▶ **The task**: Pictures stay out; please output the remaining data exactly.

▶ **Input data**:
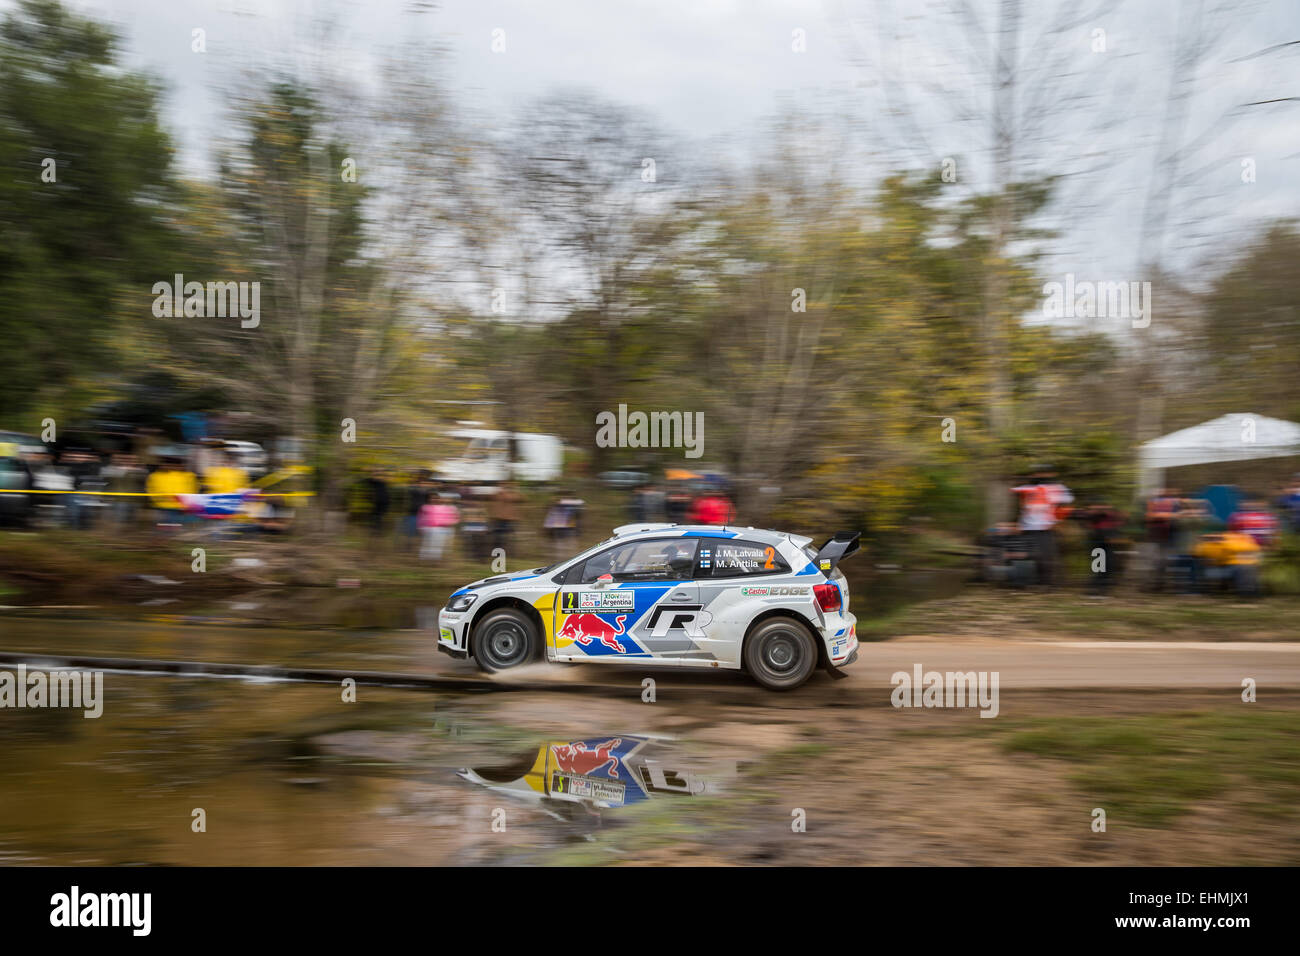 Jari-Matti Latvala (FIN) of the VW Motorsport World Rally Team competes in Rally Argentina 2014. by Michael Vettas/Vettas Media Stock Photo
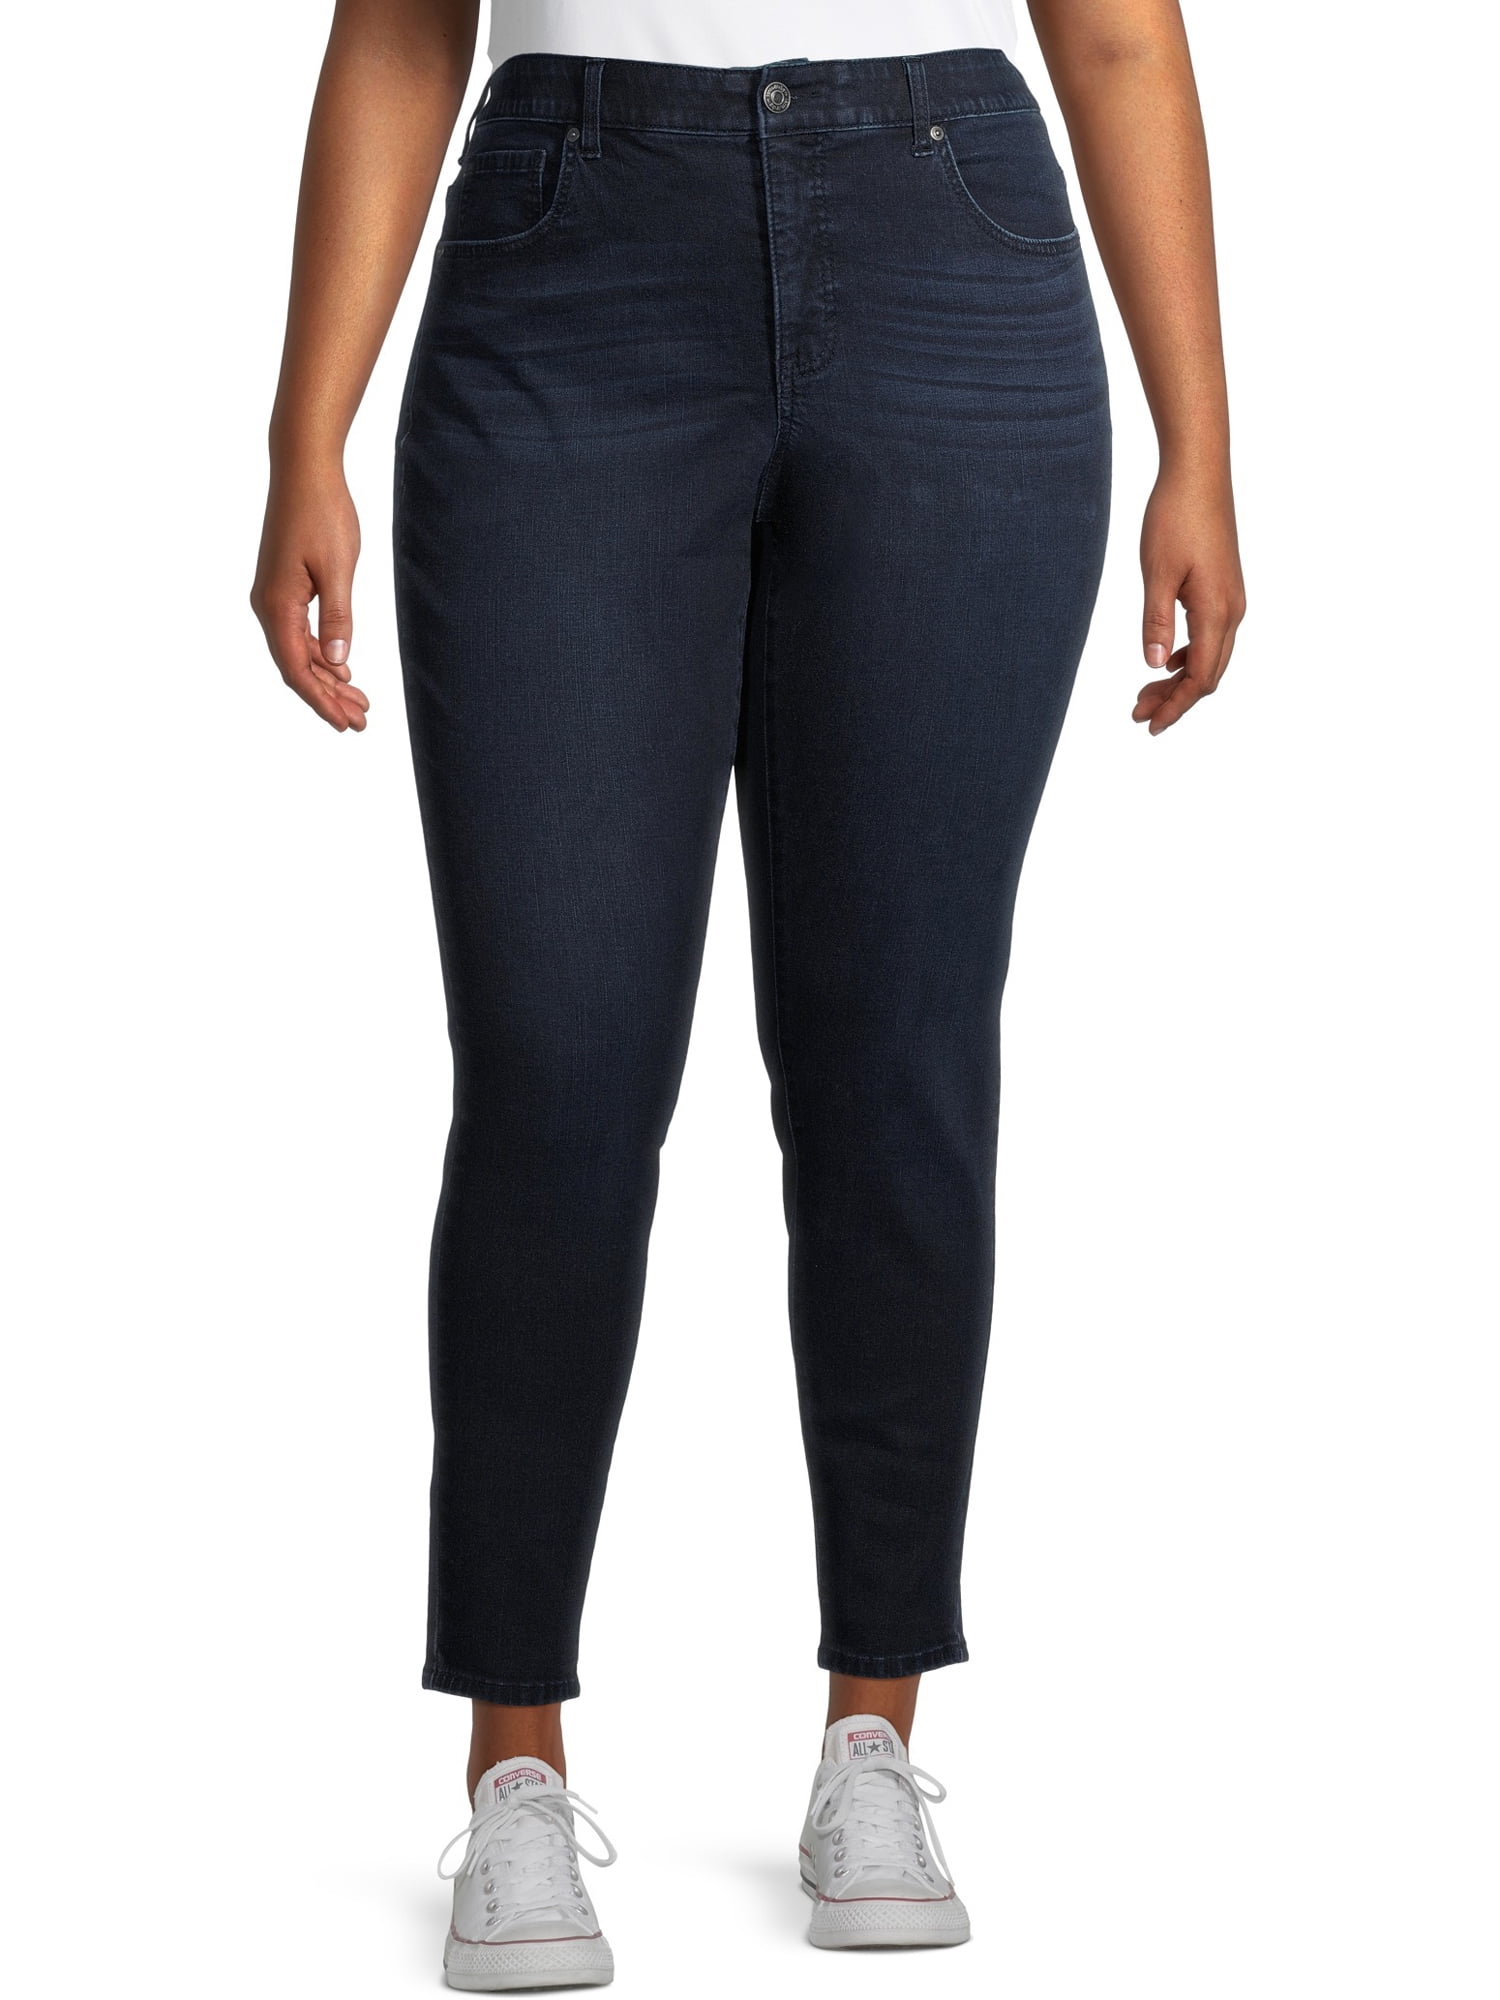 Terra & Sky Women's Plus Size Comfort Waist Skinny Jeans - Walmart.com
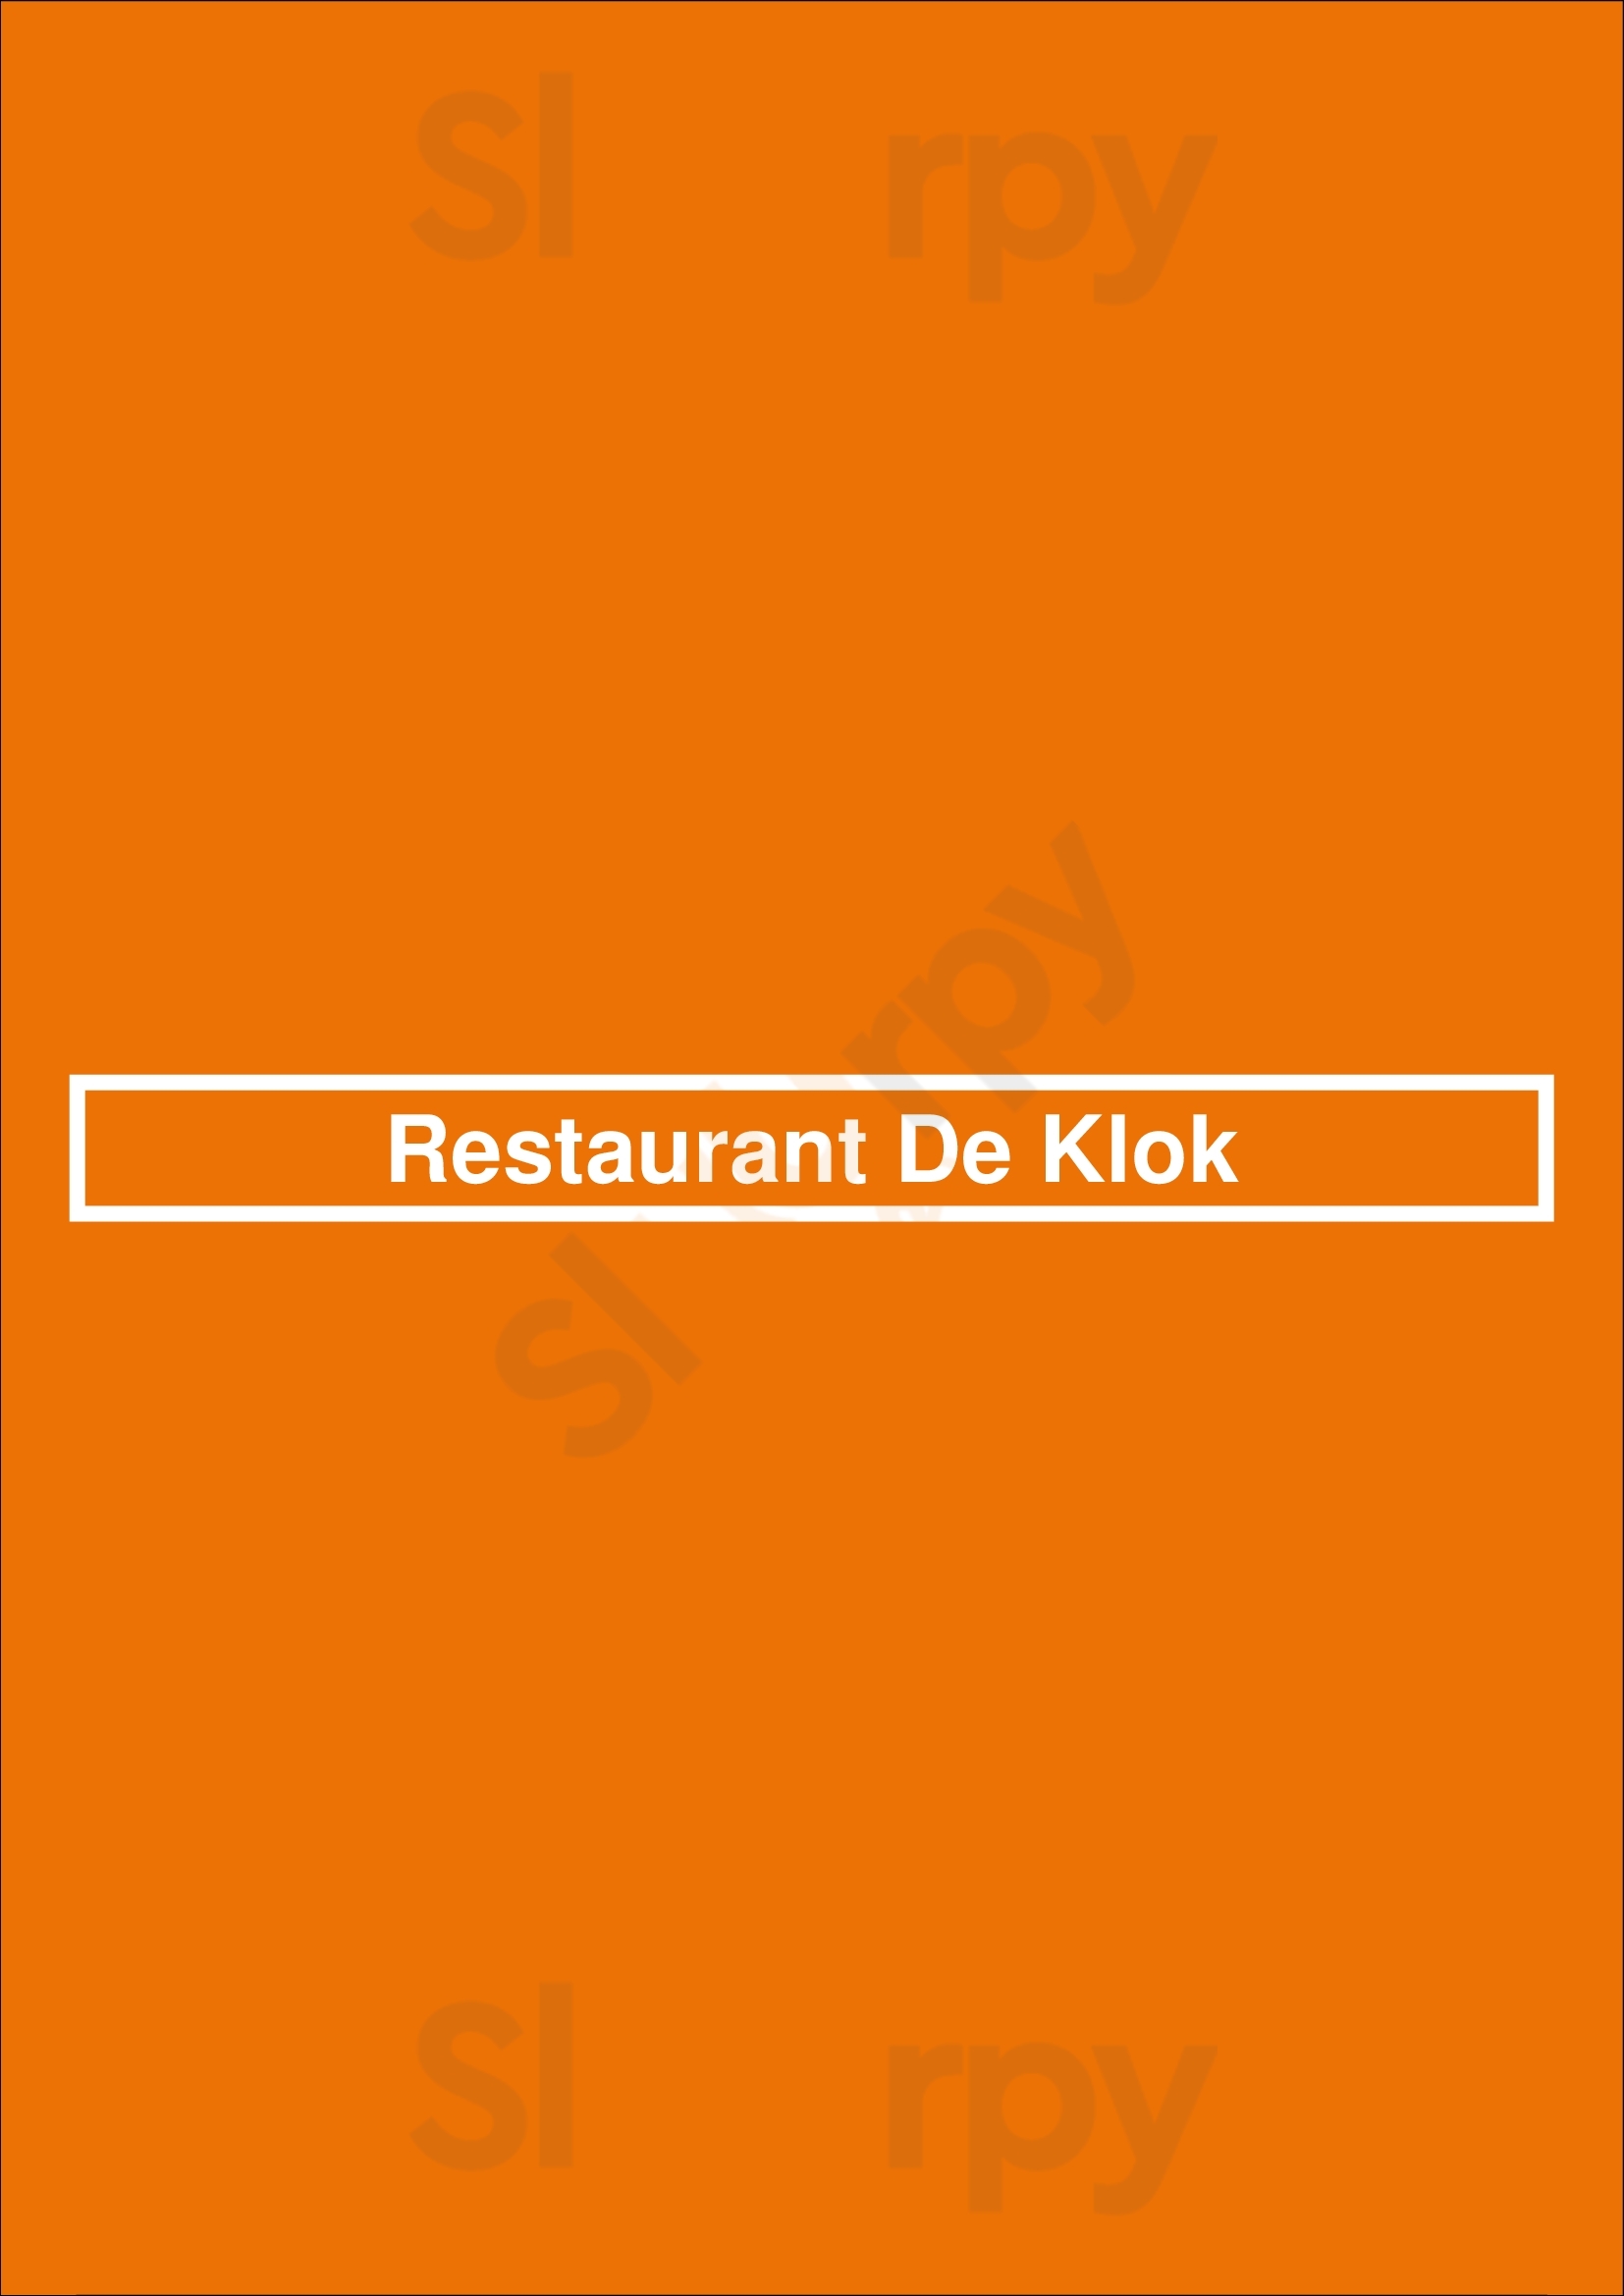 Restaurant De Klok Leiden Menu - 1

▶ **Your response**:
 Jari-Matti Latvala (FIN) of the VW Motorsport World Rally Team competes in Rally Argentina 2014. by Michael Vettas/Vettas Media Stock Photo
 Terra & Sky Women's Plus Size Comfort Waist Skinny Jeans - Walmart.com
 Restaurant De Klok Leiden Menu - 1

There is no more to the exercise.